[KAFKA-92] Kafka connector - Number of sink tasks Created: 22/Mar/20 Updated: 28/Oct/23 Resolved: 19/May/20 |
|
| Status: | Closed |
| Project: | Kafka Connector |
| Component/s: | Sink |
| Affects Version/s: | 1.0 |
| Fix Version/s: | 1.2.0 |
| Type: | Epic | Priority: | Major - P3 |
| Reporter: | Rajaramesh Yaramati | Assignee: | Ross Lawley |
| Resolution: | Fixed | Votes: | 1 |
| Labels: | None | ||
| Remaining Estimate: | Not Specified | ||
| Time Spent: | Not Specified | ||
| Original Estimate: | Not Specified | ||
| Environment: |
AWS EC2, Sharded cluster |
||
| Issue Links: |
|
||||
| Case: | (copied to CRM) | ||||
| Detailed Project Statuses: | Engineer(s): Ross This epic is more like a one off ticket.
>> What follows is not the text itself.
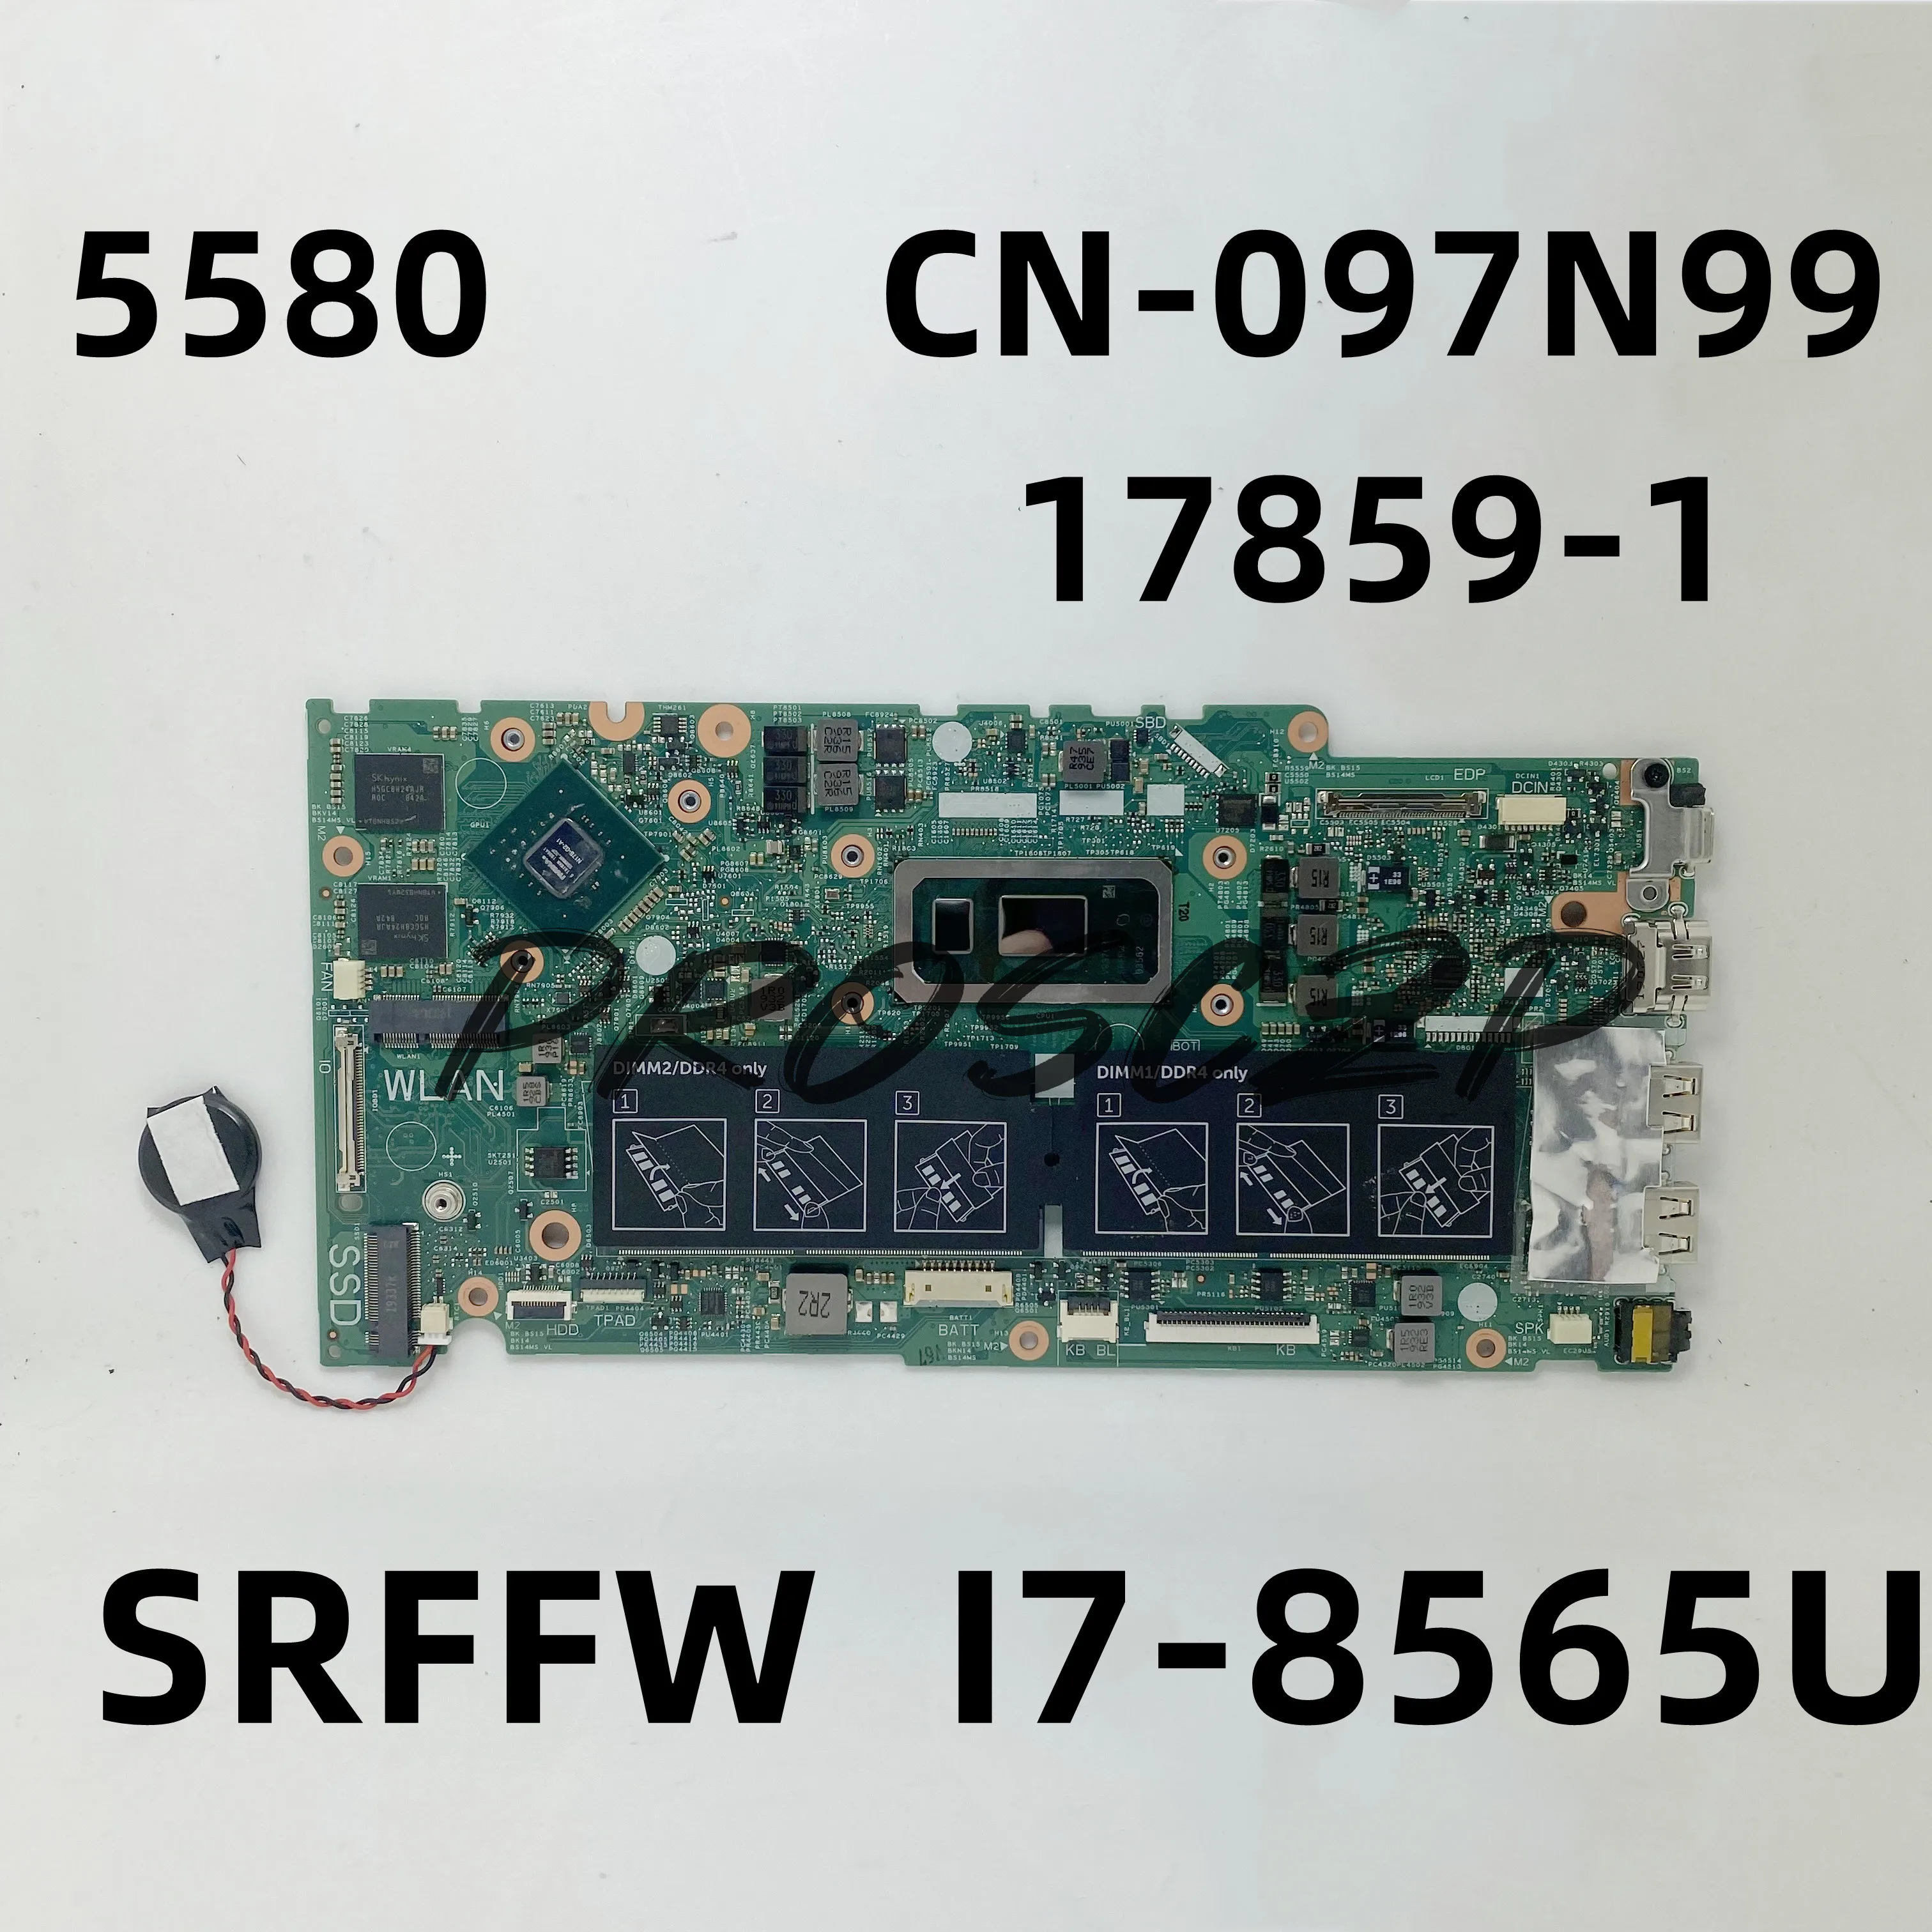 

CN-097N99 097N99 97N99 Mainboard For DELL 5480 5488 5580 Laptop Motherboard 17859-1 With SRFFW I7-8565U CPU 100% Fully Tested OK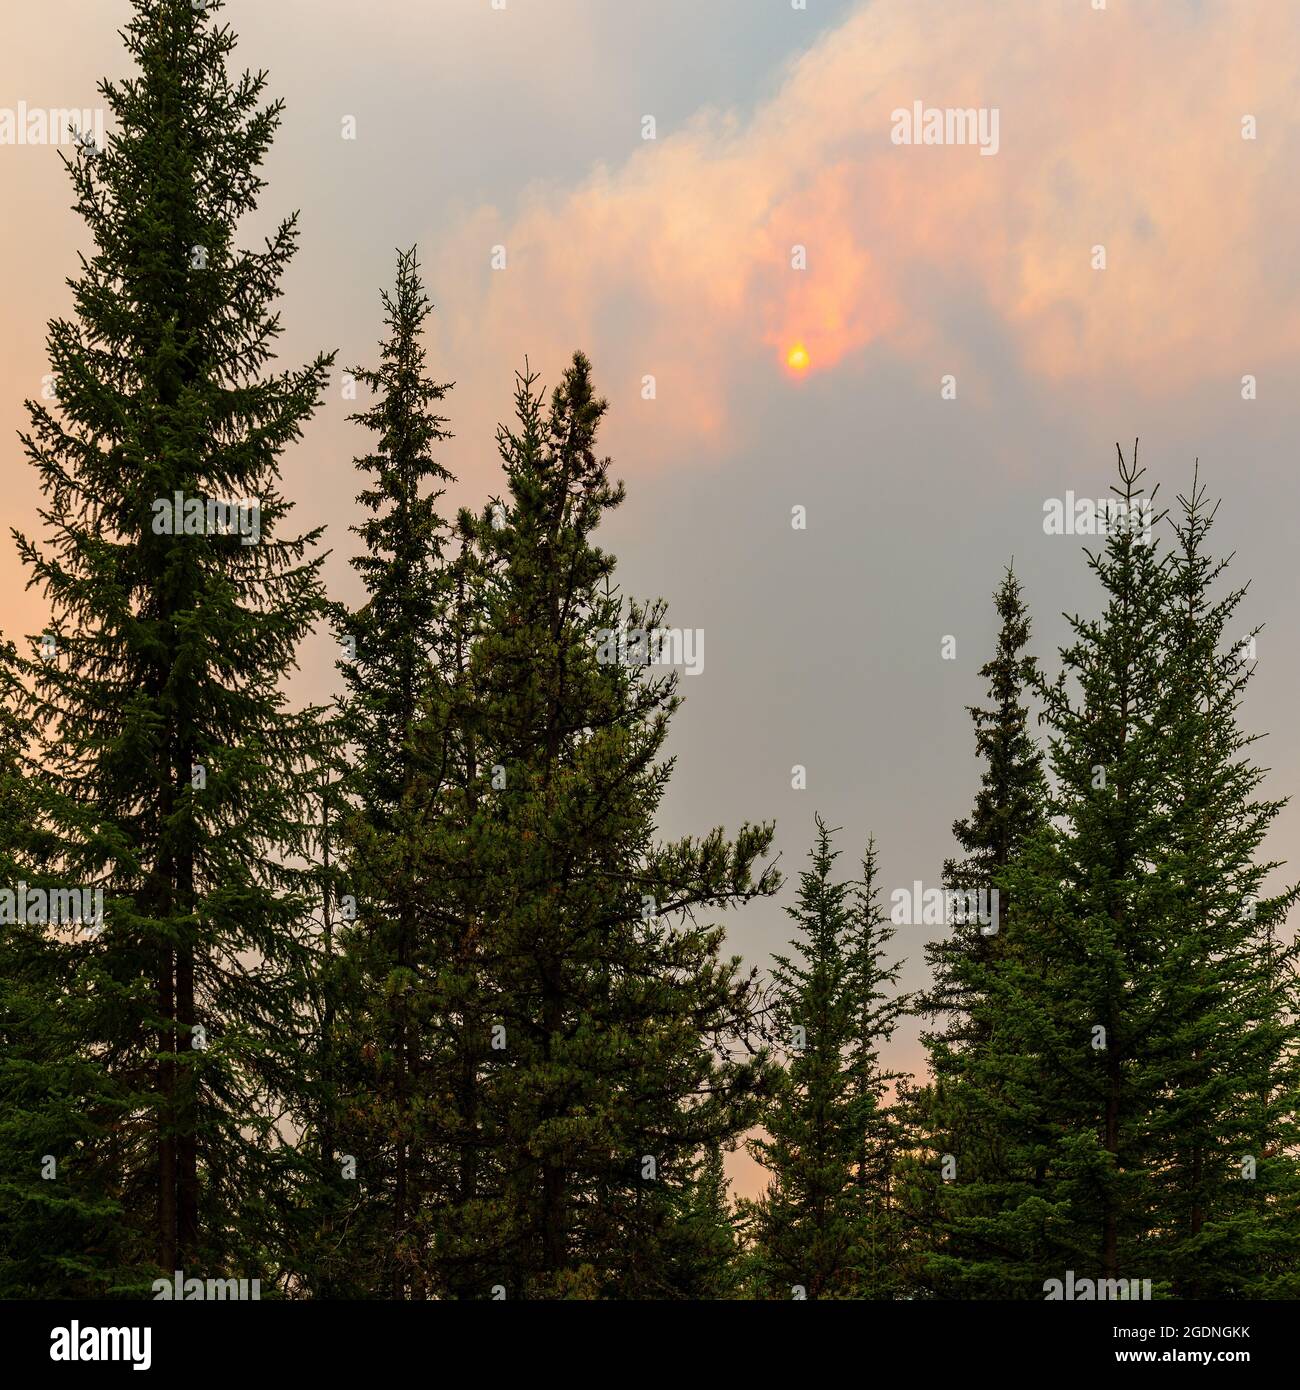 Forest fire inferno in the pine tree forests of British Columbia, Canada. Wildfires and climate change concept. Stock Photo

We converted this work to an epic so it showed up on our board for quarterly planning. |
||||
| Description |
|
Epic Summary SummaryThe Kafka sink connector only ever supports a single task. Users should be able to use the tasks.max setting to increase parallelism with the connector:
Was: I am testing this MongoDB sink connector to migrate large datasets (multi-TB) from one mongodb cluster to mongodb another. A challenge I am facing is throughput on the sink side. Irrespective of task.max parameter, only one sink task is created. Then I found below 2 tickets related to limiting the number of sink tasks to only 1. In this case, how do I improve throughput on the sink side? Just curious to know why number of tasks should limit to one? Were there any plans to improve this? |
| Comments |
| Comment by Githook User [ 19/May/20 ] |
|
Author: {'name': 'Ross Lawley', 'email': 'ross.lawley@gmail.com', 'username': 'rozza'}Message: Allow the Sink connector to use multiple tasks Kafka Connect provides built-in support for parallelism and scalable data copying When using multiple tasks, data will be processeed out of order to the order of
|
| Comment by Martin Andersson [ 12/May/20 ] |
As long as there is only one task processing for each kafka partition (and tasks flush their data on a rebalance) then it seems to me that the connector would hold the same ordering guarantees as kafka (e.g. ordering is only guaranteed by topic-partition). As a user of this connector I wouldn't expect anything more. |
| Comment by Ross Lawley [ 12/May/20 ] |
|
PR: https://github.com/rozza/mongo-kafka/pull/17 For the sink we can give the control of processing the messages from a topic over to Kafka. So multiple tasks will be assigned messages based on their topic - partition automatically. The only complication is that tasks will process the messages as they see them and this can lead to out of order processing of data from a topic when using multiple tasks. That could be an issue depending on the users dataflow. |
| Comment by Alexey Menshikov [ 30/Apr/20 ] |
|
The customer is trying to reach 10k insert rate for 2kb documents, but seems like that's not possible using just one sink connector. The database better handles multiple inserting threads than just one. The ability to increase the level of parallelism should significantly increase the insertion rate. |
| Comment by Ross Lawley [ 01/Apr/20 ] |
|
I'm glad you were able to work around the issue and improve the parallelism,
This could be a future improvement to the connector that would stop the need for registering multiple connectors and allow the same as parallelism but with a single registered connector, by using a thread pool of workers, with one worker thread per topic. Ross |
| Comment by Rajaramesh Yaramati [ 31/Mar/20 ] |
|
Thank you, Ross Lawley, for addressing this ticket. For the use case (Data migration from one cluster to another) I am using, it required sequential write on target. I realized this only after getting to know the reason why only one sink task. Now I created topic per shared and at least I am getting sink task parallelisms equal to the number of shards. Can you please elaborate on what do you mean by "We could also potentially use a thread pool of workers mapped per topic to improve the concurrency across topics."? Thanks, Rajaramesh Yaramati |
| Comment by Ross Lawley [ 31/Mar/20 ] |
|
Thanks for the ticket, at the moment only a single task is used when writing data to MongoDB. This is by design to ensure that all writes are sequential and ordered as seen on the topic. If you are watching multiple topics then it may be more efficient to set up a connector per topic, as that would improve the concurrency of the operations. Do you require all writes to happen sequentially and in order? If that is not the case then potentially a new feature could be added to allow this. Kind Regards, Ross Lawley |